Collected material ::
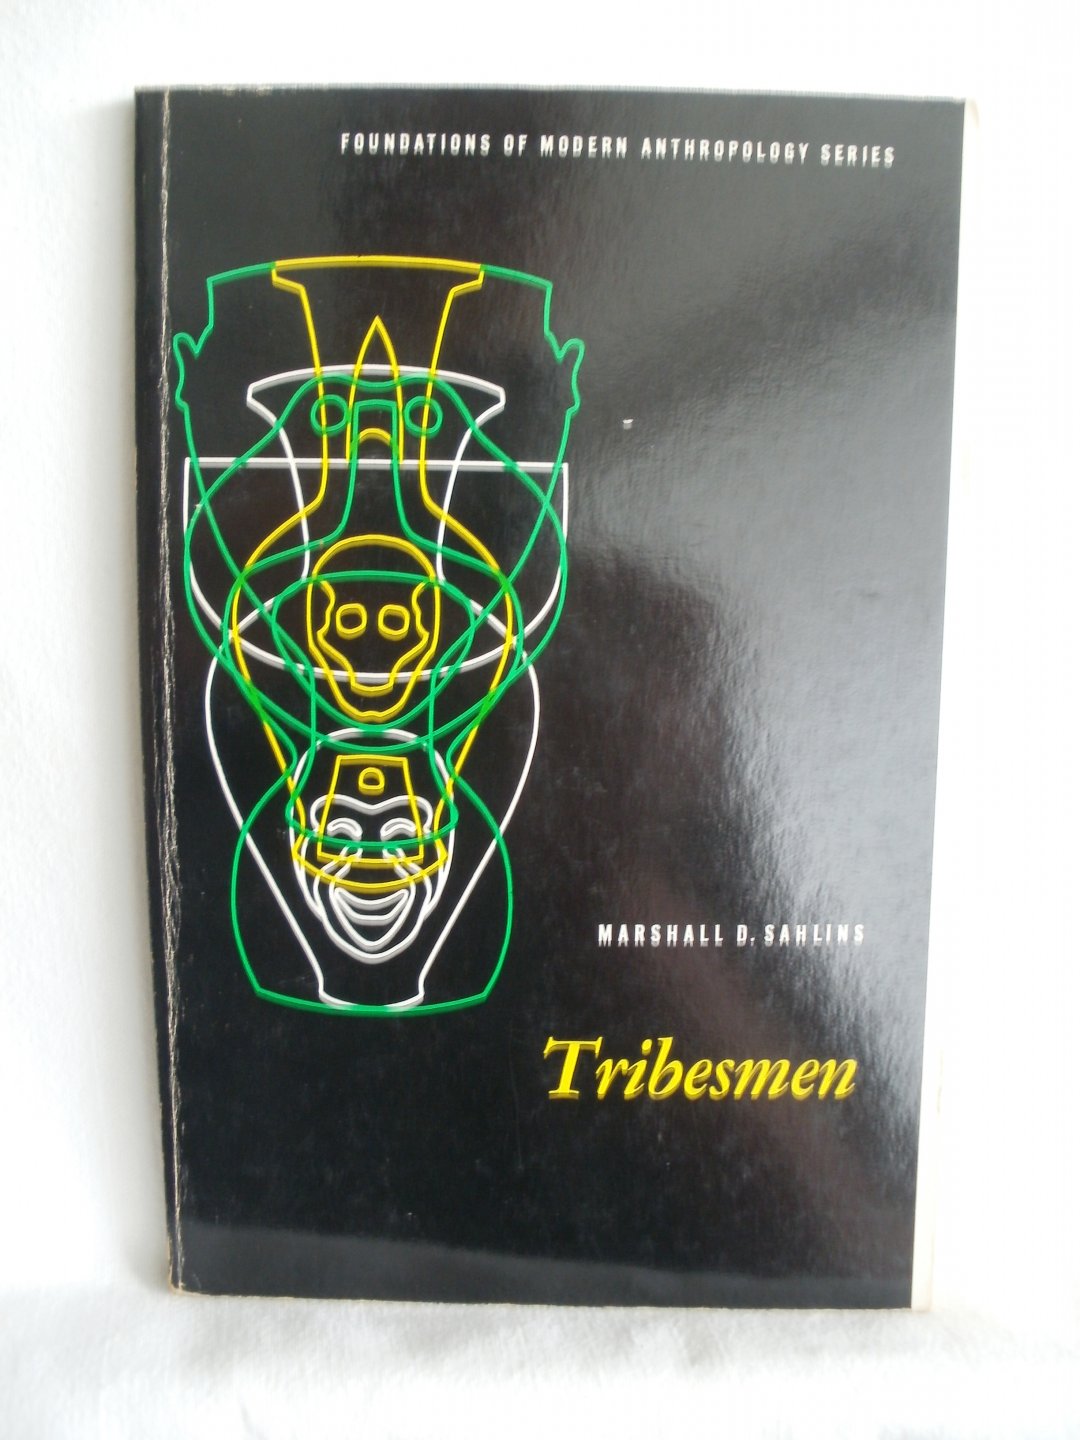 Sahlins, Marshall D. - Tribesmen. Foundations of Modern Anthropology Series.
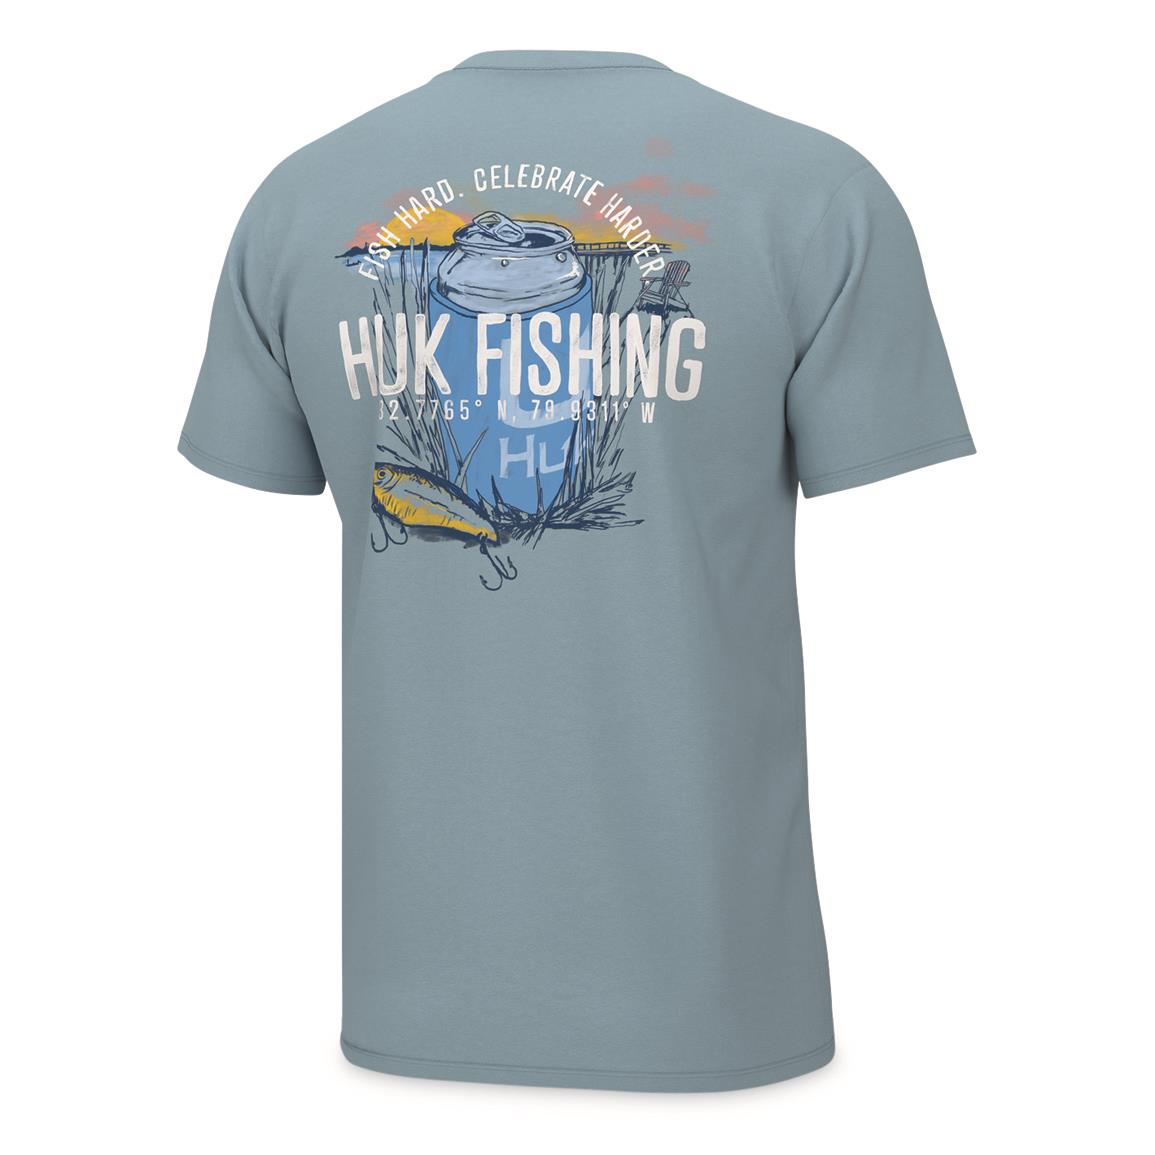 Huk Men's Shore Lunch T-Shirt, Crystal Blue
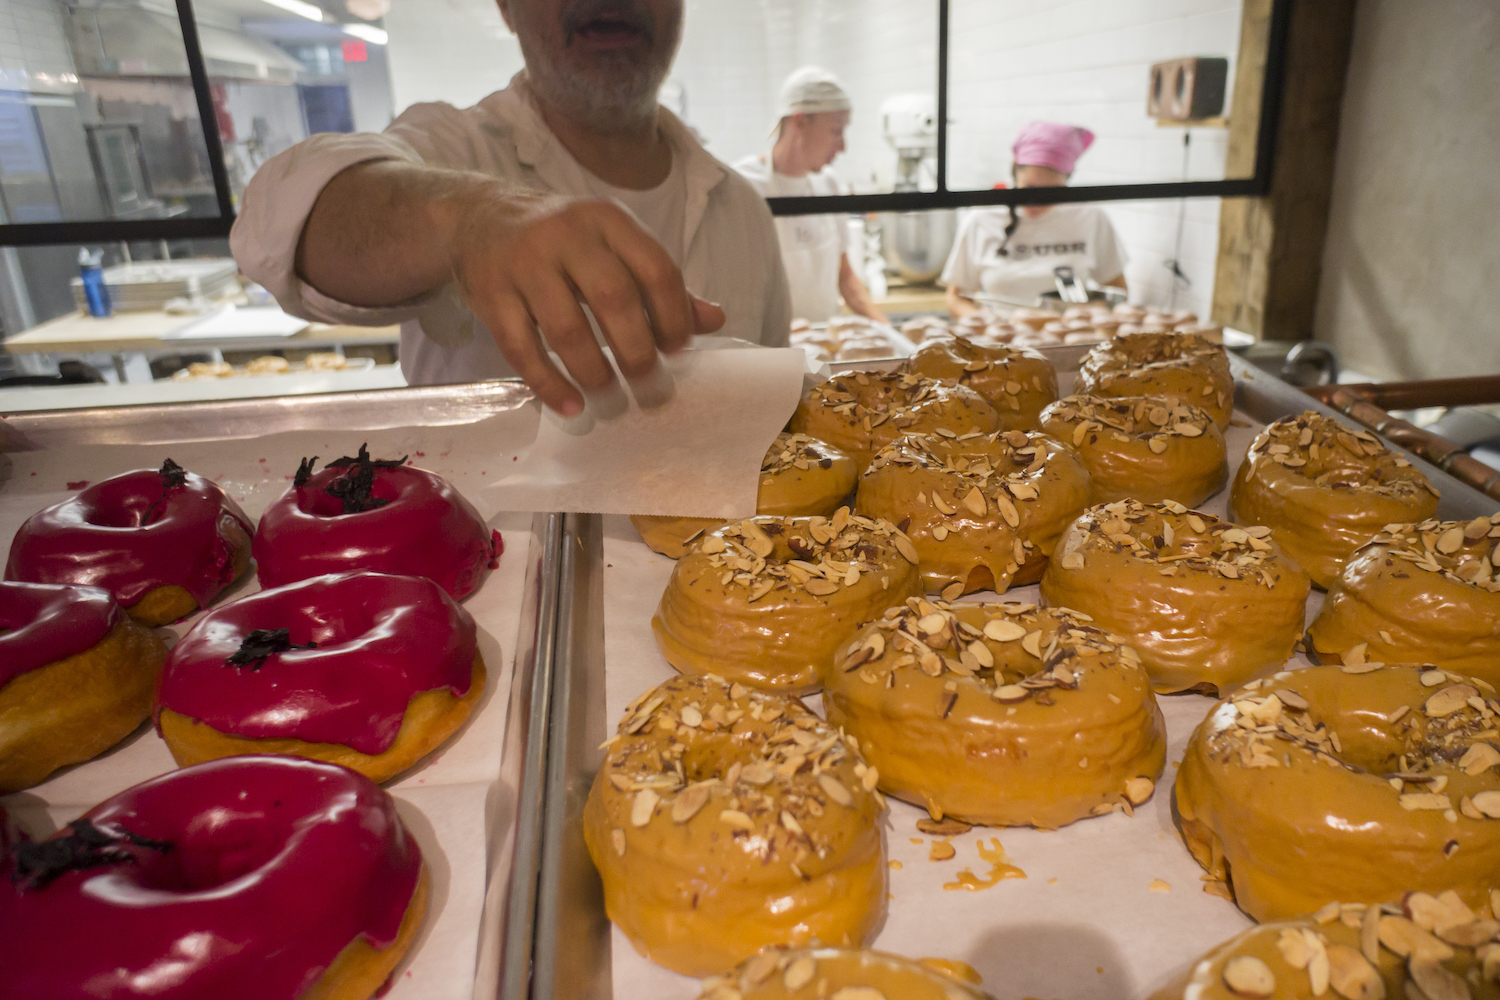 An employee at Dough bakery in the Flatiron neighborhood of New York serves a dulce de leche doughnut to a visitor
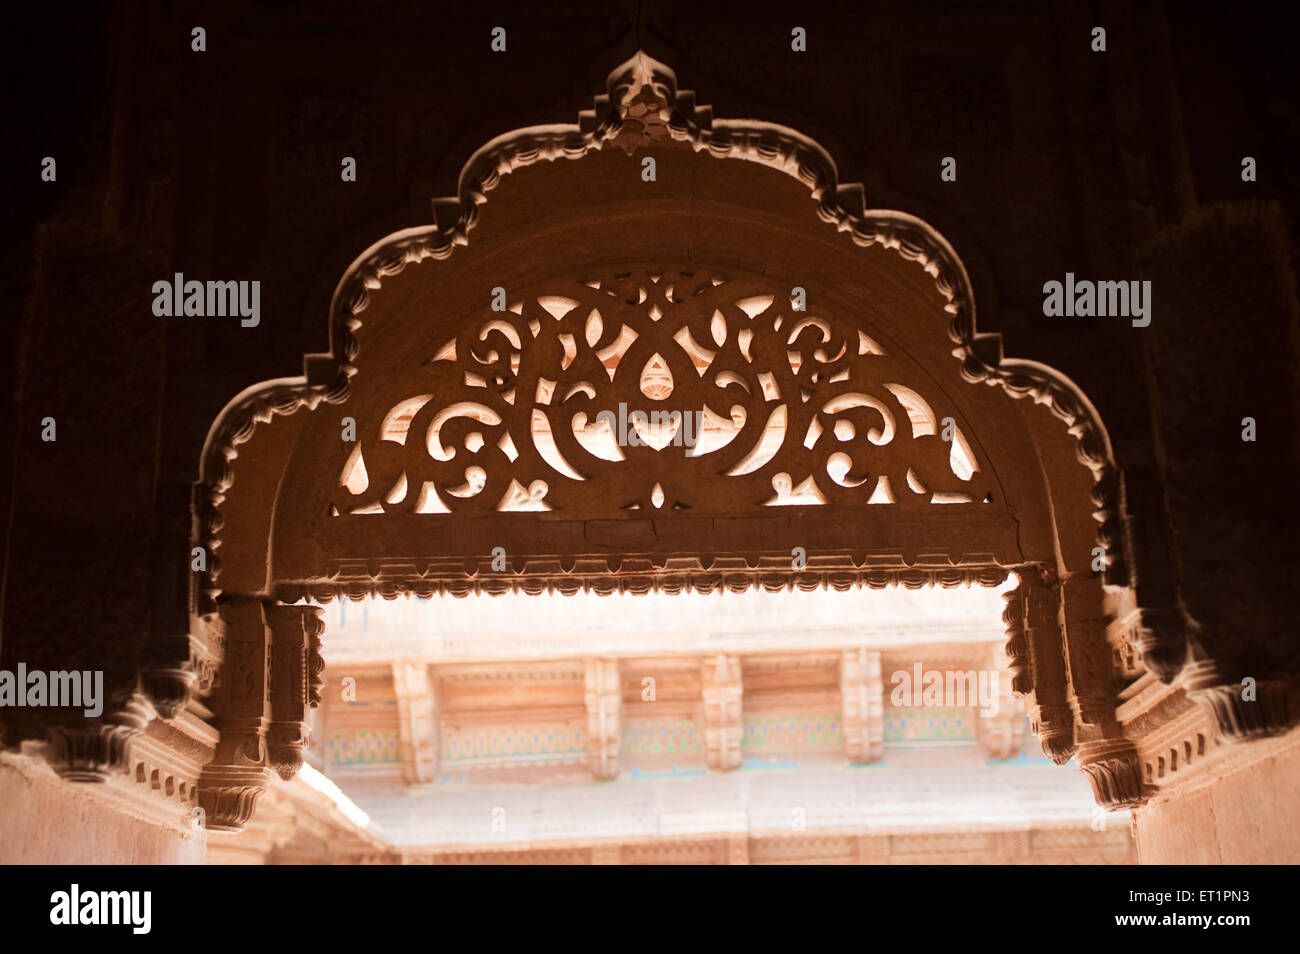 Jali design, Jaali pattern, perforated stone, latticed screen, Man Mandir Palace, Man Singh Palace, Gwalior fort, Gwalior, Madhya Pradesh, India, Asia Stock Photo

Problem statement :: Pictures are to be excluded; all other material must be transcribed exactly.

Task response ::
 Sahlins, Marshall D. - Tribesmen. Foundations of Modern Anthropology Series.
 Huk Men's Shore Lunch T-Shirt, Crystal Blue
 An employee at Dough bakery in the Flatiron neighborhood of New York serves a dulce de leche doughnut to a visitor
 Jali design, Jaali pattern, perforated stone, latticed screen, Man Mandir Palace, Man Singh Palace, Gwalior fort, Gwalior, Madhya Pradesh, India, Asia Stock Photo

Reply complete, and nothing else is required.